Wrapped tight in the protective circle of his arms, she felt so safe that she couldn’t fight the crashing wave of shattering emotion—feelings she’d hidden away for so long that she’d almost convinced herself they no longer existed. That none of it had the power to hurt her any longer.

Her nose was stuffy, her throat scratchy, and her eyes wrung dry when Fox spoke against her ear, the whiskey and sin of his voice an addiction—and that was the greatest irony of her life.

“You’re telling me this so I’ll know how bad you’re messed up?”

Molly leaned back enough to meet his gaze, the smoky green black in the darkness. “Yes.” He’d read the newspaper reports, knew what had happened next—the loss of their family home and everything else not already consumed by escalating legal costs, her parents’ deaths in a car crash on the way to a court appearance, her mother later discovered to have been five times over the legal limit.

The only miracle was that Karen Webster had taken only her husband with her, her car smashing not into another vehicle but into a concrete pylon. When it came out that there had been no skid marks on the road, the media had called it a murder-suicide.
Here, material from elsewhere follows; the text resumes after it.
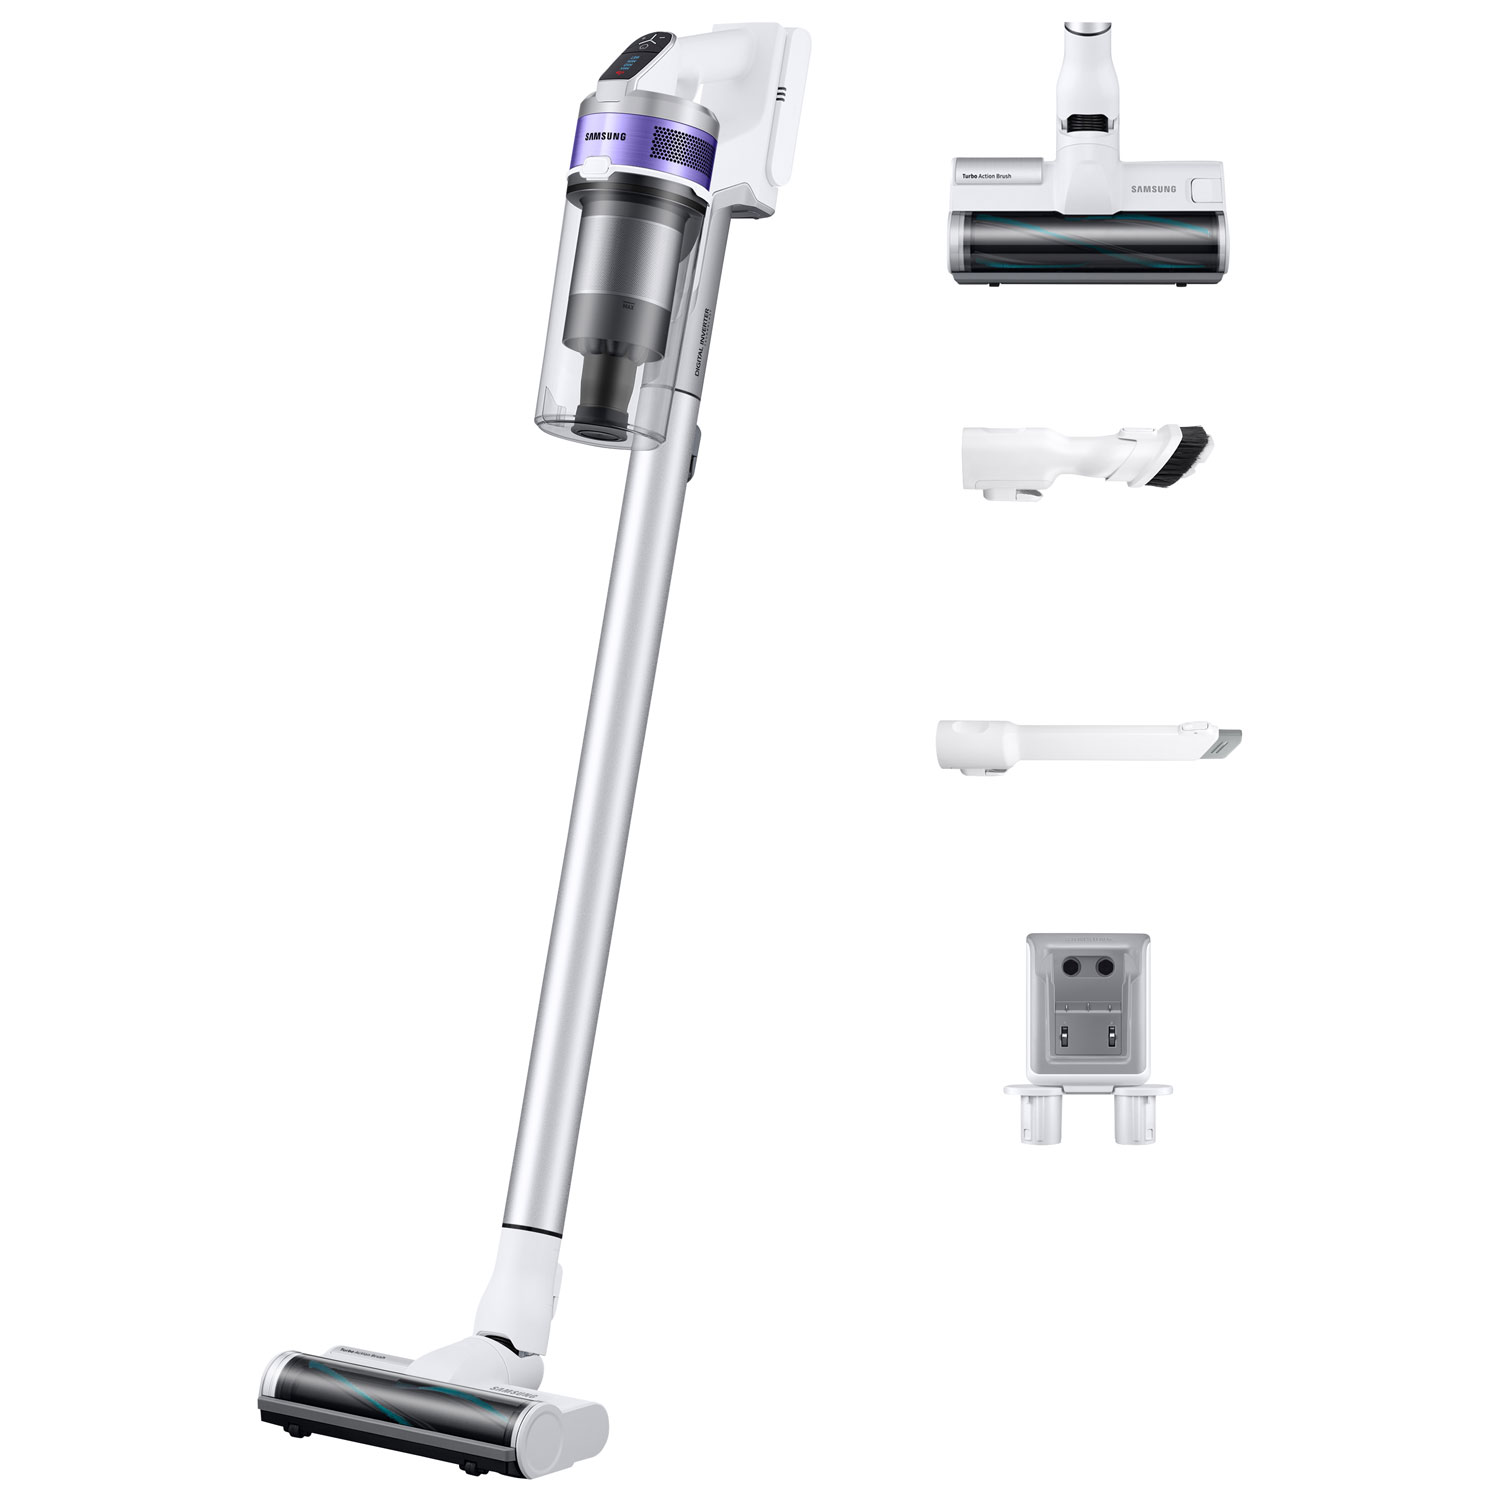 Samsung Jet 70 Pet Cordless Stick Vacuum - Teal Violet

Molly wasn’t sure they were wrong.

 “I’ve worn the coat of being a well-balanced, ‘normal’ person for so long that I almost believe it myself most days,” she confessed, “but I’m not. I have stuff inside me that chokes me up until I can’t breathe. I’m really messed up.”
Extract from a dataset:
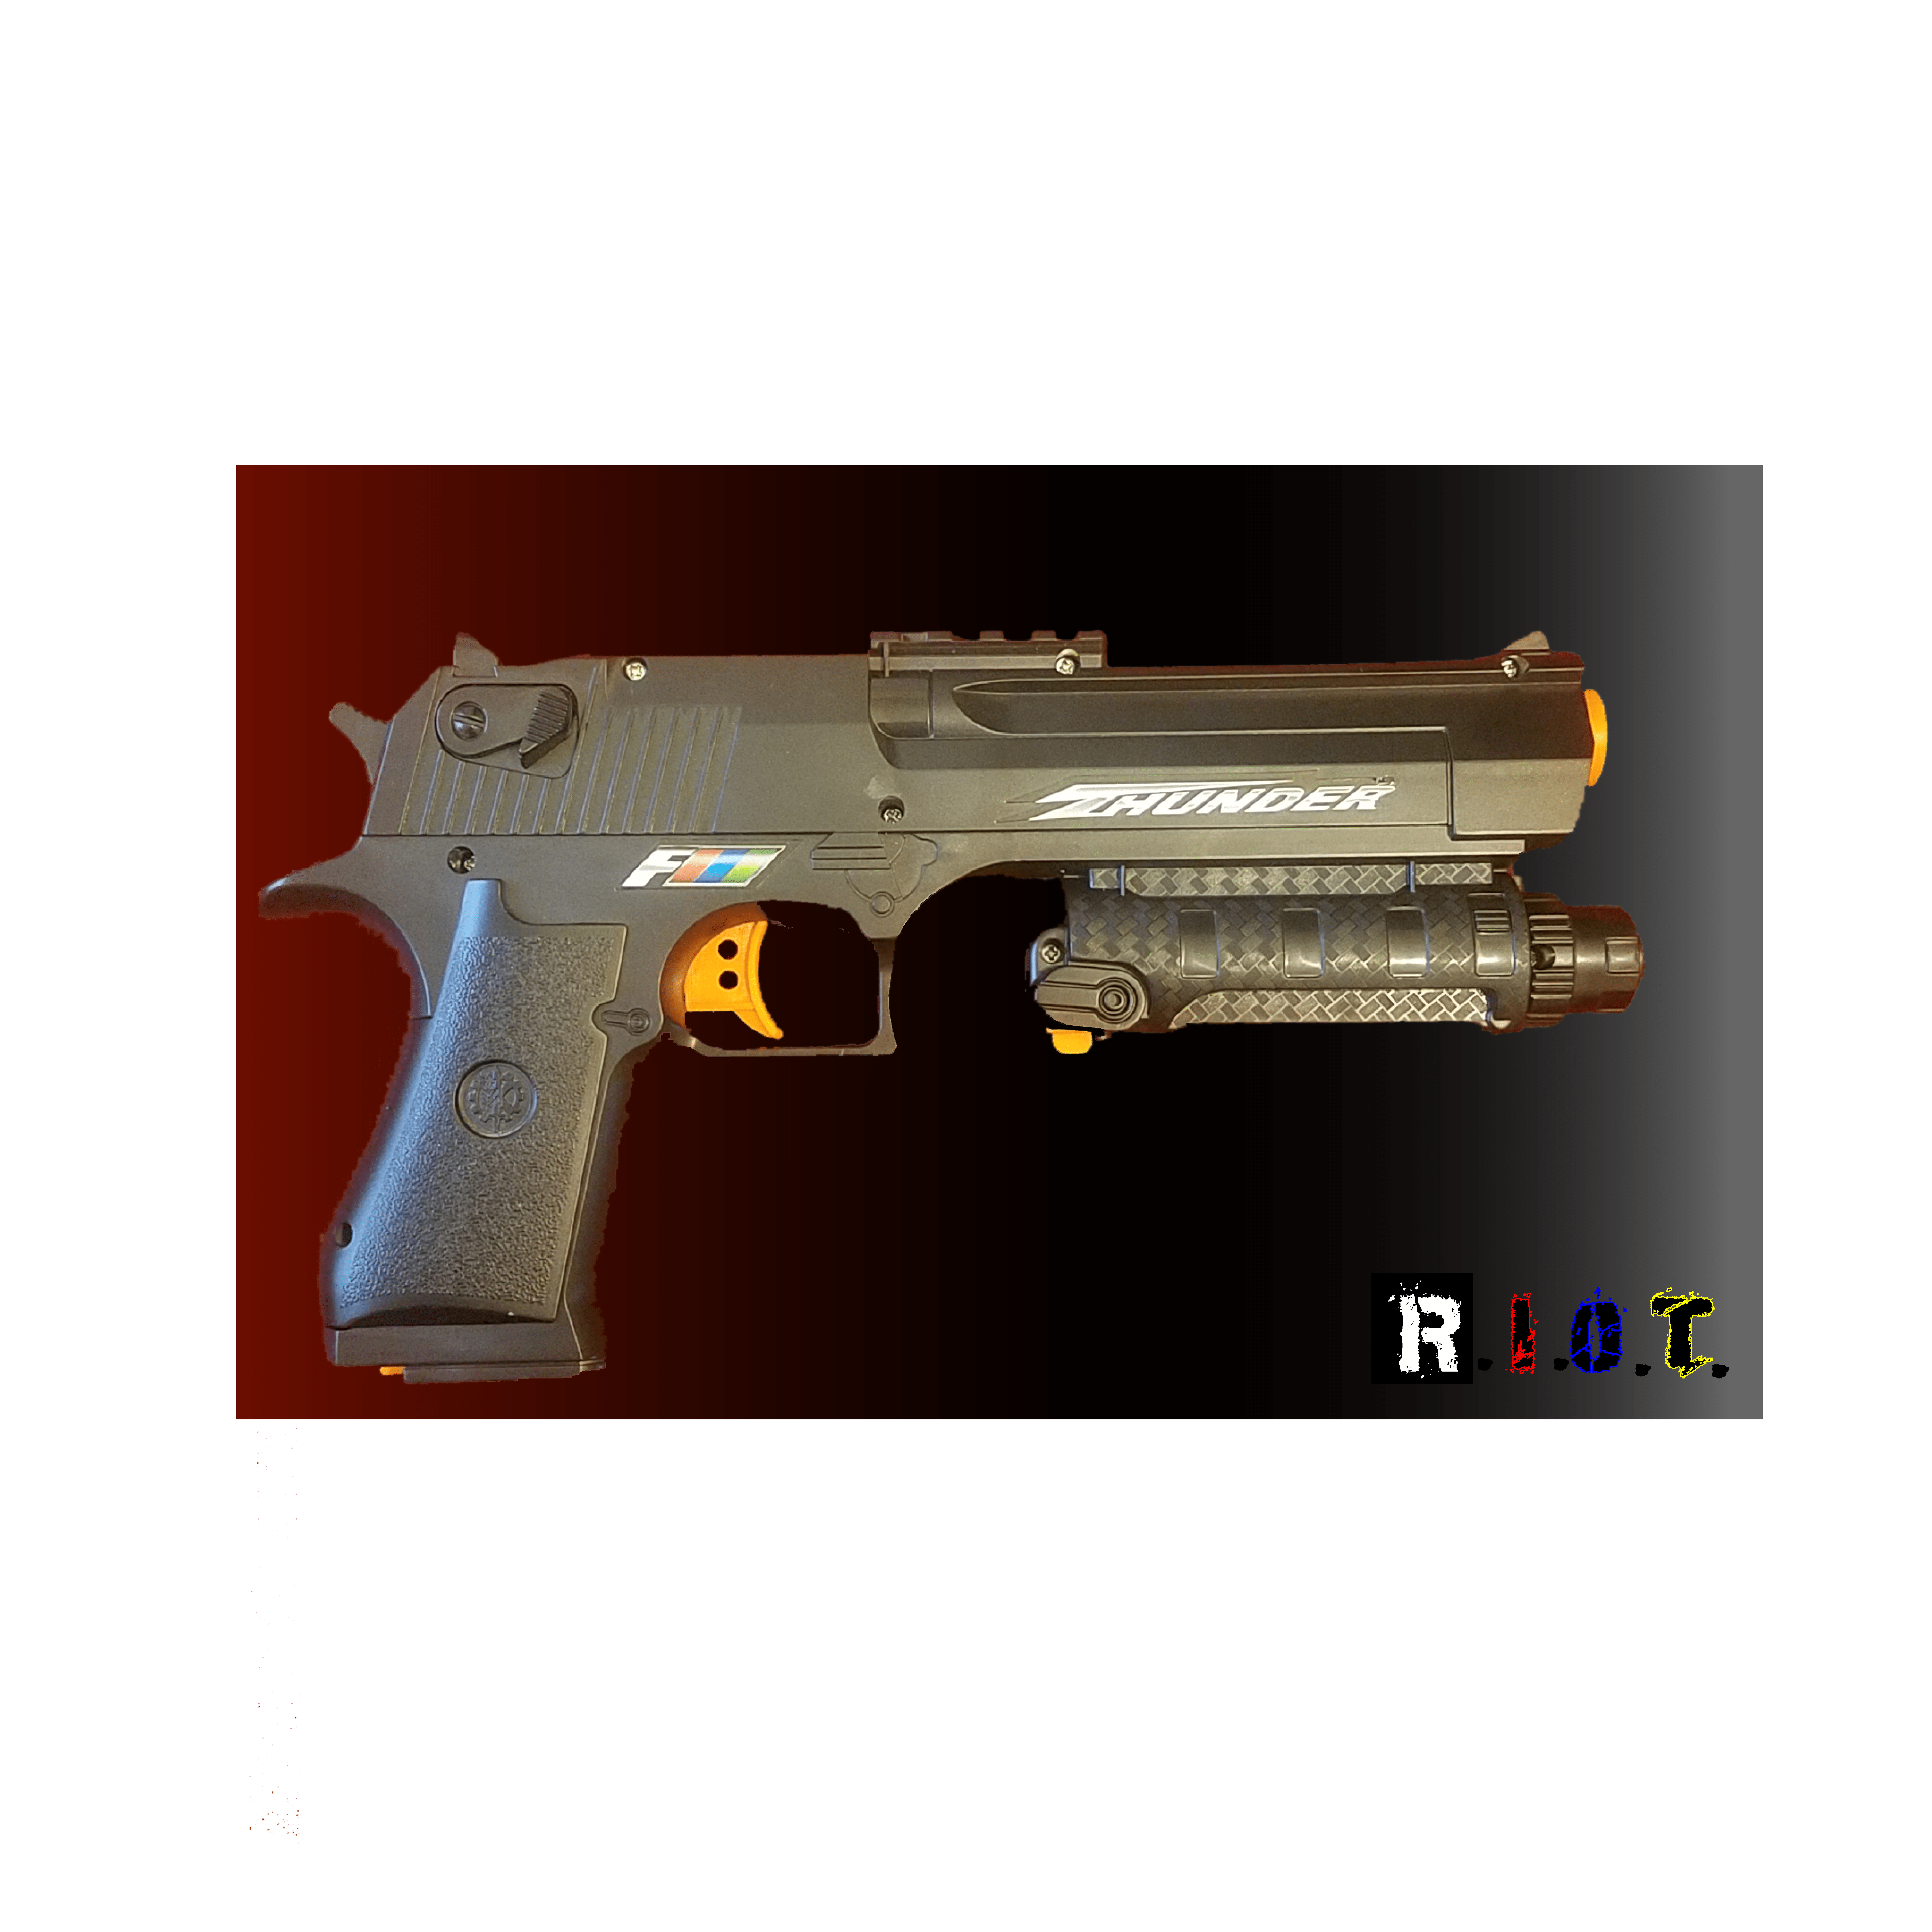 pistol clipart toy gun

Fox rubbed his thumbs over her cheeks, wiping away the remnants of her tears. “I got plenty of fucked-up parts inside me, too. Yeah, they kick my ass sometimes, but I wouldn’t be me without those parts, and you wouldn’t be you.” His voice dropping, holding her captive. “That’s the Molly I want, the messed up, smart, sexy one standing right in front of me.”

Passionate and edgy and starkly romantic, his words kissed the torn-up places inside her. “This,” she said, her voice husky, “us. It’s not working.”

Molten fury, Fox’s skin pulling taut over his cheekbones. “Hell it’s not.”

“Wait.” Molly pressed her fingers to his lips. “That didn’t come out right.” She swallowed, blurted out the words that had been building inside her since the moment he asked her if she wanted to change the rules. “I don’t want a deadline.” Her heart ripping open, the exposure terrifying. “I don’t want to pretend like my mother did, that my life—our relationship—is something other than what it is.”

Fox’s heart staggered at hearing the words he’d been waiting for since the instant he’d first realized she was his. Parting his lips to speak, he suddenly became aware of a large group of energetic and giggly teens racing down to the lookout. “Shit.”

Grabbing Molly’s hand, he led her back up the rise, head angled to avoid being recognized, and drove home as fast as legally possible. This was one night he definitely did not need to be pulled over. Backing Molly against the closed door of her apartment the instant they were inside, one hand on her hip, his other arm braced over her head, he said, “Let me get this right.” His heart ricocheted inside his ribcage. “You’re saying you want us to go on for longer than a month? No limits?”

Molly nodded.

When he simply watched her, she wet her lips, spoke in a throaty whisper. “Yes. I want to change the rules.”

“You sure?” No doubts, there could be no doubts in her mind. “Because once you take that step, I won’t allow you to back away.”

“Yes.” The single word was potent with emotion. “I’m sure. I want to be with you in every way… I want to see who we’ll become together.”